3.2.4. Amino Acids Profile and In Vitro Protein Digestibility
One of the parameters that influences the protein quality of a source is the amino acids composition [34]. The Food and Agriculture Organization of the United Nations (FAO) has published a report discussing related issues [35] and recommending the given scoring patterns (sum of amino acids contained dietary requirements). In Figure 5 the amino acid profile of A. platensis grown at the different salinities is shown. In general, there were minor alterations of the amino acids profile observed; a fact that suggests that even though the protein content decreased, the composition of amino acids was consistent under all treatments investigated. Among the essential amino acids, Lysine (0.3–0.8%), and Histidine (0.6–0.8%) were of lower content than it is recommended by the FAO [35] considering the protein nutritional score patterns for adults, while Isoleucine (6.5–7.8%), Valine (8.2–8.7%), Leucine 9.8–10.8%), Threonine (4.4–4.8%), aromatic amino acids (AAA; 5.9–6.6% (Note: Tryptophan was not assessed by the analytical protocol for amino acids followed in this study), and sulfur-containing amino acids (SAA; 2.6–3.3%) were of higher values. These results confirm that A. platensis is a good source of alternative proteins for human and animal nutrition [36].
Besides amino acids composition, an additional parameter of protein quality of a food matrix is its digestibility, which influences the accessibility to the proteins contained in the food [37]. Higher digestibility scores means that the proteins contained in the food are more easily accessible, thus the nutritional quality of the food is higher. The in vitro protein digestibility of A. platensis grown at different salinities is shown in Figure 6. In general, at up to 10 g/L of NaCl there were no statistical differences between the treatments, and the protein digestibility ranged between 84 and 88%. At higher salinities (AP20, AP40 and AP60) protein digestibility decreased slightly (78–80%); however, with statistically significant differences between these two groups (p < 0.05).
A. platensis shows relatively high in vitro protein digestibility because it is a Gram negative cyanobacterium having a cell wall composed of peptidoglycans and the proteinic and lipopolysaccharidic outer membrane [38]. The decrease of the protein digestibility observed at the higher salinities is probably due to the polysaccharides accumulated in these cultures (see Section 3.2.1), which might have restricted the enzymatic activity influencing lysis of trichomes resulting in lower hydrolysis of proteins down to oligopeptides and amino acids [37]. Additionally, the higher ash content (probably sodium ions) could affect the digestibility.

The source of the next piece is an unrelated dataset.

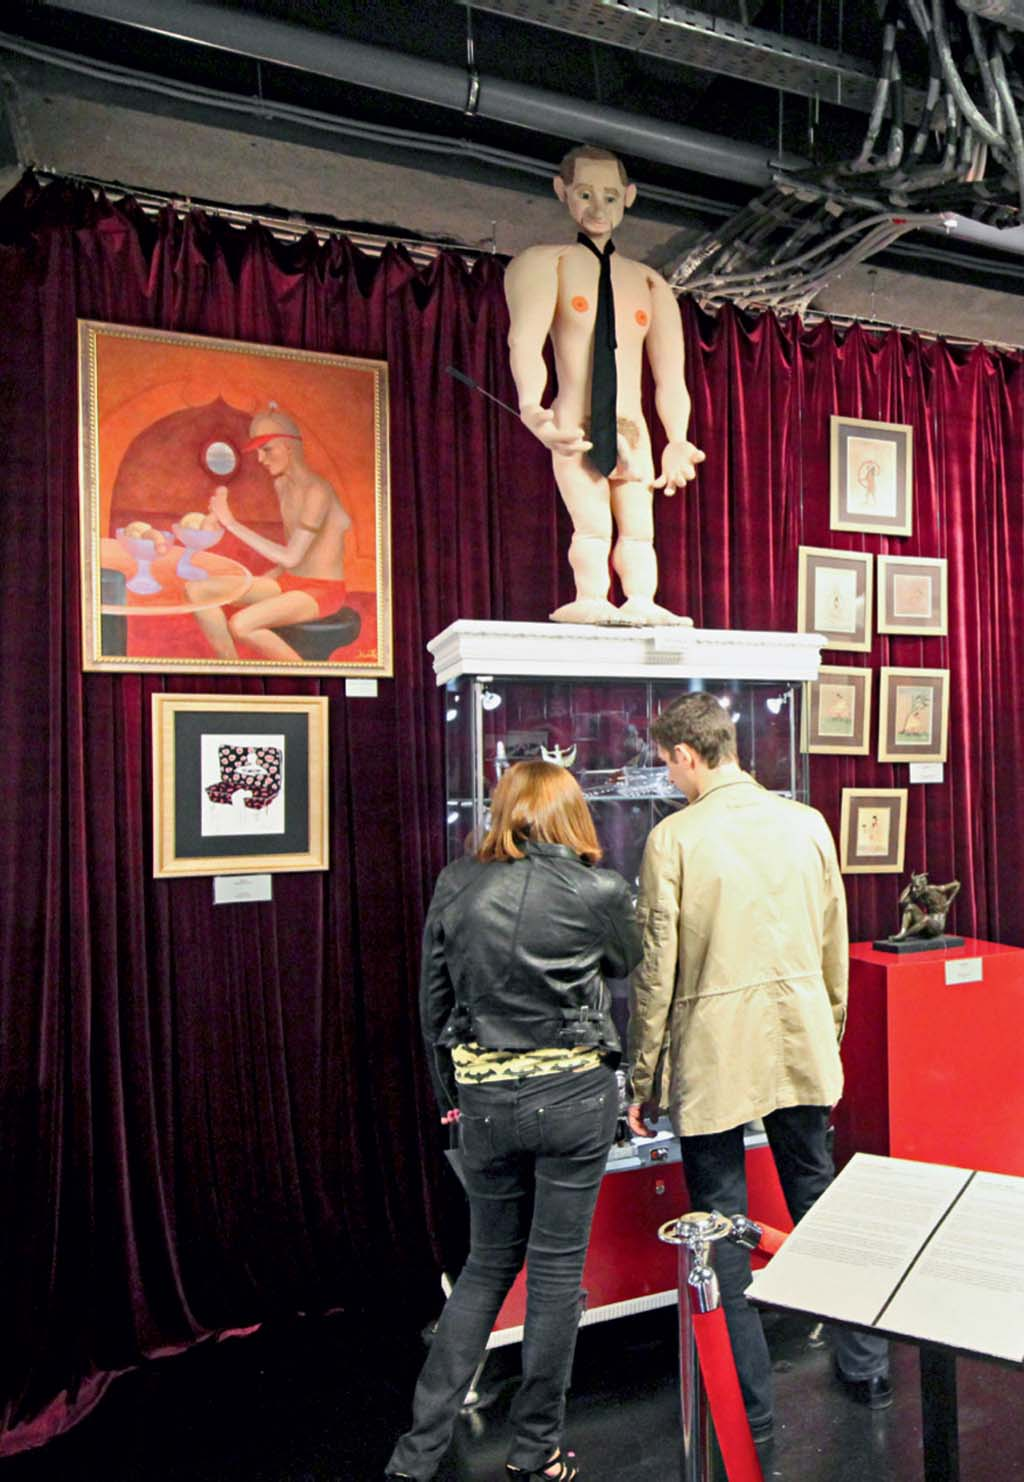 Uma das salas do Tochka G, o museu do sexo, em Moscou, Rússia
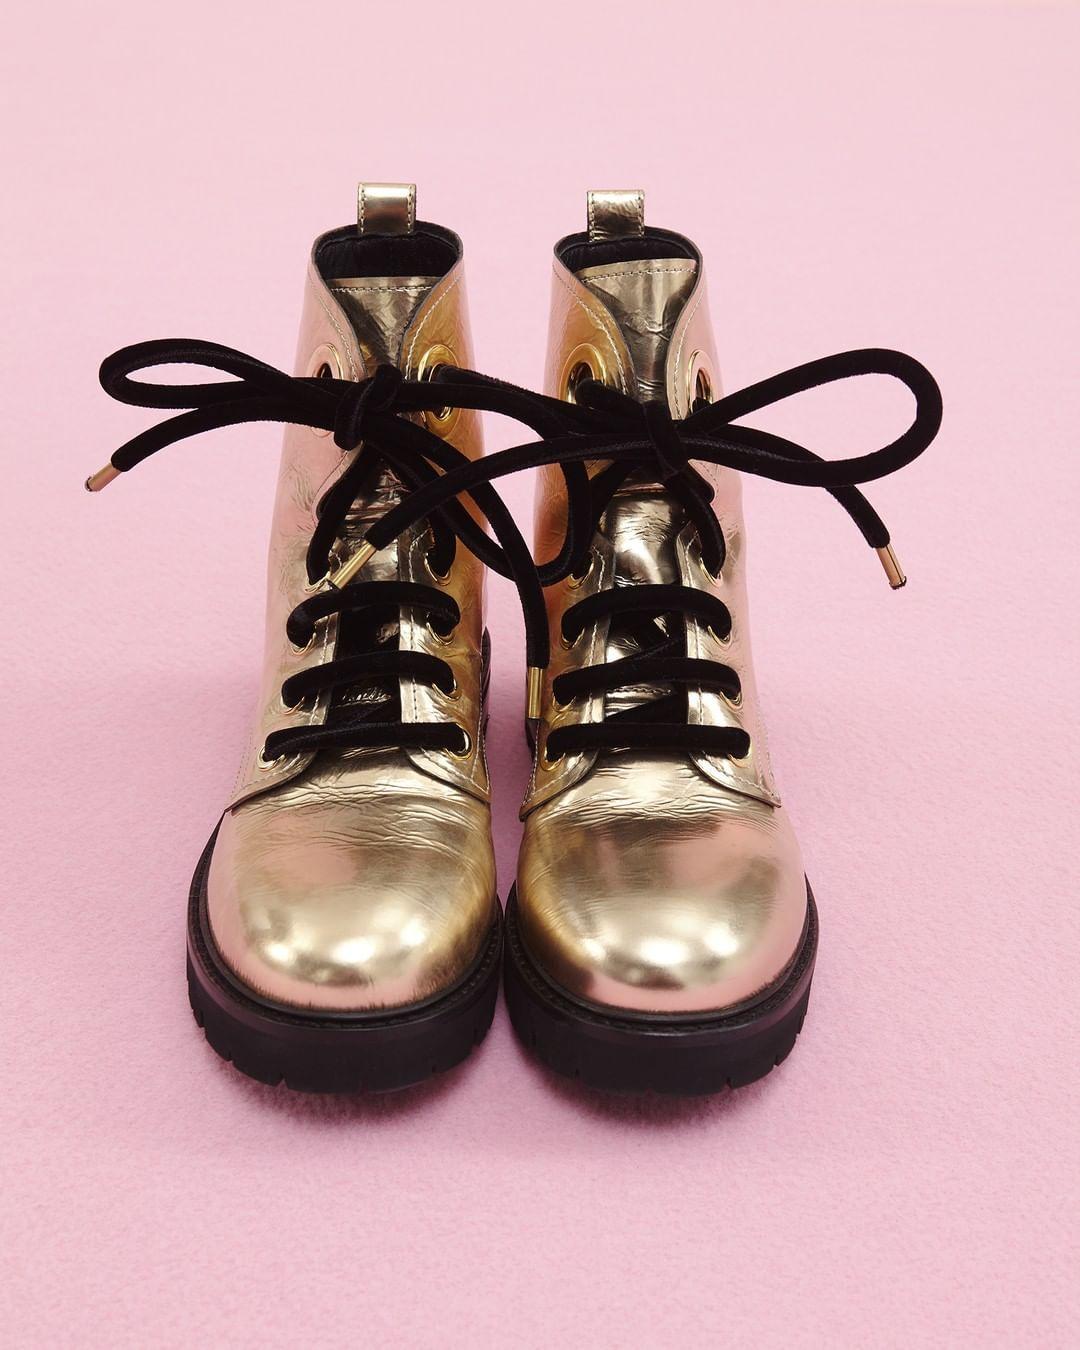 E.G. Geller Shoes: Attilio Giusti Leombruni At E.G.Geller

3.3. Effect of Salinity on the Trichome Length of A. platensis
Under macro- and microscopic examination of A. platensis, it was observed that salinity influenced the trichomes’ length of A. platensis (Figure 7). Especially AP20 and AP40, which displayed the longest trichomes, reaching more than 2000 μm compared to the other cultures where trichomes had a length of about 300–500 μm. The longer trichomes resulted in a quick aggregation of biomass forming large-sized aggregates, a fact that is of interest because of the possible easier separation and harvest of biomass from the growth medium. A. platensis is harvested by screening through filter clothes or nylon mesh; however, it is very often that due to the production of EPS, filters are clogged making harvesting more difficult. It has been reported in several cases that the shape (straight or helicoidal) and the length of the trichomes is influenced by environmental conditions, including pH, temperature, light intensity, and salinity [7,39]. However, the underlying mechanisms are not well understood. Regarding the longer trichomes observed in this study, it is hypothesized that the increased salinity inhibits the formation of necridia, which are responsible for the breakdown and fragmentation of the trichomes [40], allowing the trichomes to be elongated further. However, the subject calls for in depth experimentation involving omic studies during salinity stress/acclimation that might also unlock the genetic basis of the change in general morphology (helical to straight trichomes) that is widely observed also for temperature changes [41].
4. Conclusions
In the present work long-term acclimatized A. platensis at different salinities was evaluated regarding its growth capability and its biochemical composition. In general, acclimatized A. platensis could grow well even at the highest salinities investigated (60 g/L NaCl) displaying comparable biomass production as A. platensis grown on the conventional Zarrouk growth medium. Biochemical composition of A. platensis was affected especially regarding the contents of protein, phycocyanin, and carotenoids, which were decreased, while carbohydrate content was enhanced. On the other hand, lipids and chlorophyll, along with the antioxidant capacity of extracts, were not significantly affected. However, at increased salinities the accumulation of unsaturated fatty acids was observed, an interesting fact due to their high nutritional value. Regarding protein quality, it was observed that amino acid composition did not differ significantly at the different salinities, while in vitro protein digestibility decreased when salinity was above 20 g/L NaCl. Long term acclimatization of A. platensis could be a strategy of interest in order to grow it at different water qualities. Nevertheless, from a nutritional point of view, low salinities (5 and 10 g/L) resulted in a better biochemical composition of A. platensis.
Author Contributions
Conceptualization, G.M. and E.K.; methodology, G.M., E.K. and V.A.; formal analysis, G.M. and E.K.; investigation, G.M. and E.K.; resources, G.M. and D.A.; data curation, G.M. and E.K.; writing—original draft preparation, G.M., E.K, D.A., I.C., V.A. and I.T.; supervision, G.M. All authors have read and agreed to the published version of the manuscript.
Funding
This work was co-financed by the European Regional Development Fund of the European Union and Greek national funds through the Operational Program Competitiveness, Entrepreneurship and Innovation, under the call RESEARCH—CREATE—INNOVATE (project code: Τ2EDK-02975, MIS 5074552).
Conflicts of Interest
The authors declare no conflict of interest.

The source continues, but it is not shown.